# Buttons



## Sizzlea89

Tonight when I gave buttons and saffy their kitten food buttons decided to be a greedy madam and get there before saffy! She pushed her out of the way! Was hilarious! So I decided to take a picture of the heavily pregnant girl enjoying her food! All I can say is at least she keeps her paws clean!


----------



## TwitchingWhiskers

Cute mouse. Are there are particular colors/coats/markings you are expecting?


----------



## Sizzlea89

TwitchingWhiskers said:


> Cute mouse. Are there are particular colors/coats/markings you are expecting?

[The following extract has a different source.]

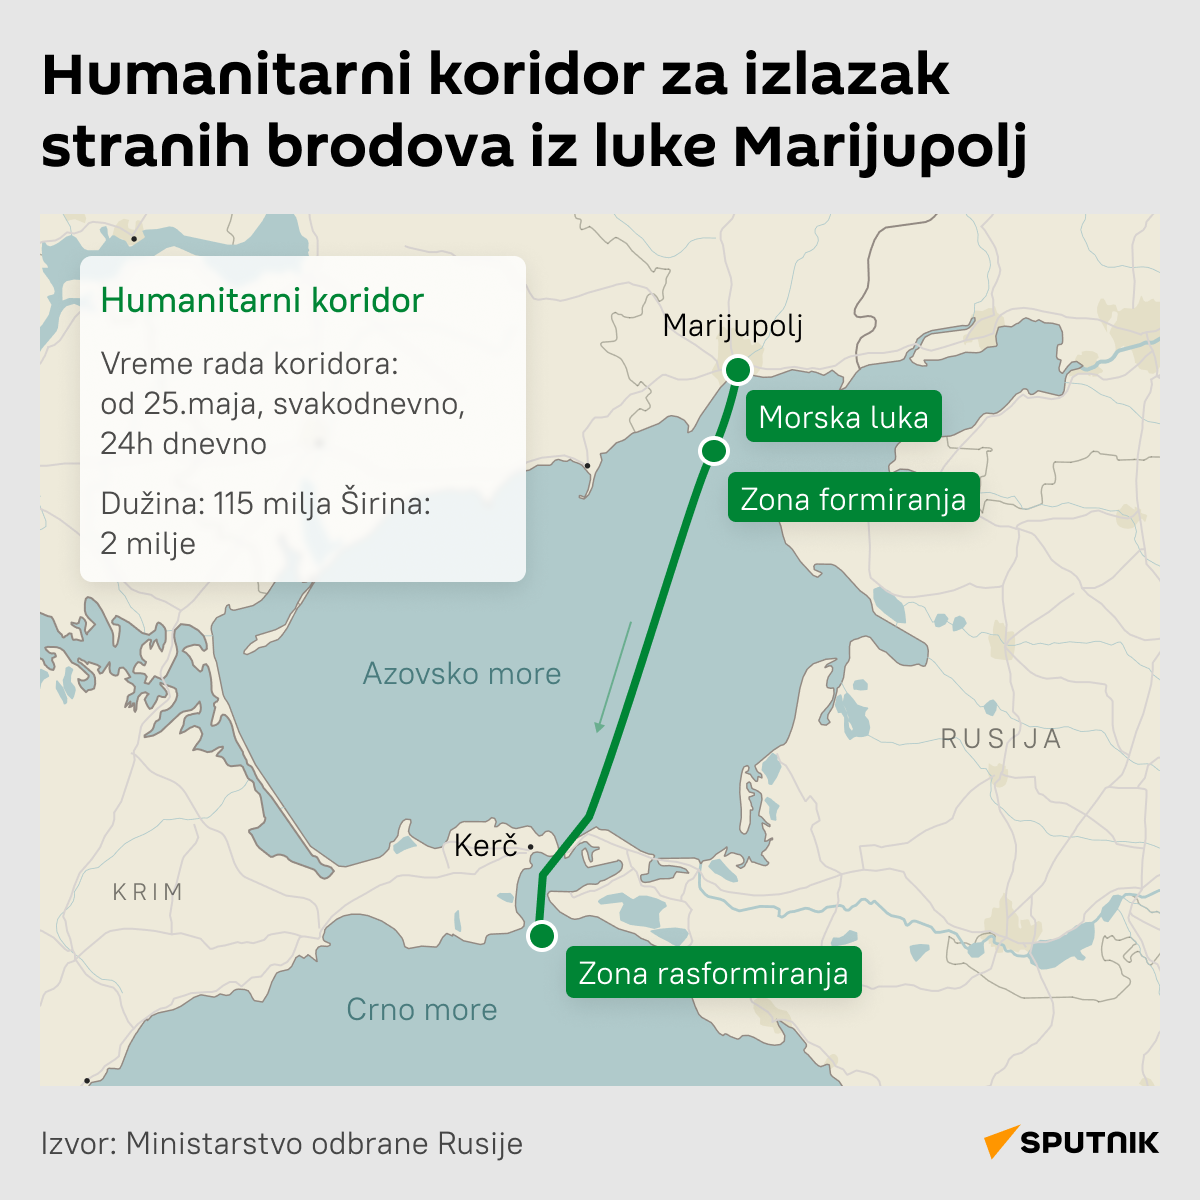 Humanitarni koridor za izlazak stranih brodova iz luke Marijupolj  -  Infografika  LATINICA desk  - Sputnik Srbija

I'm experimenting with a pied blue buck to see what we get, satins hopefully as both girls are satins and buck that I borrowed from a friend is also a satin, hoping to go home to find a best full of pinkies  it's a case of wait and see what the outcome is haha hopefully there will be some pied and banded but I'm not too fussed about the colours  just healthy little nice is all I'm asking for


----------



## TwitchingWhiskers

Blue is so yummy! If your doe carries blue, then you'll get some blue babies. Good luck with the litter, and I hope you get healthy mice


----------



## Sizzlea89

TwitchingWhiskers said:


> Blue is so yummy! If your doe carries blue, then you'll get some blue babies. Good luck with the litter, and I hope you get healthy mice


Thanks very much  both buttons and saffy had their litters today! Great thing to come home to! There was roughly 12 between them at least I think I only briefly peeked! There might be less! I'm so happy haha x


----------



## TwitchingWhiskers

Were you planning on letting them litter together? You could have problems with keeping records if you don't know who's babies are who's. Anyway, congrats on the litter! 6 each is pretty good, I hope they grow up nice and plump.


----------



## Sizzlea89

Yeah I was planning on having them litter together  it was the same buck I had in with them so it's not much of a problem, they are sisters anyway.


----------



## TwitchingWhiskers

I see. Can't wait for pictures


----------



## Sizzlea89

I'll get pictures as soon as they fur up  then at least there will hopefully be some kind of colour! They are big chunky pinkies too!


----------



## TwitchingWhiskers

That's great! Chubby babies are so cute


----------



## Sizzlea89

TwitchingWhiskers said:


> That's great! Chubby babies are so cute


Haha yeah they really are! I can't wait to see what colours we get! Not long now either


----------



## Sizzlea89

Ok so we have pigmentation now and I have no idea what we are getting from this litter exactly haha! They are 5 days old now!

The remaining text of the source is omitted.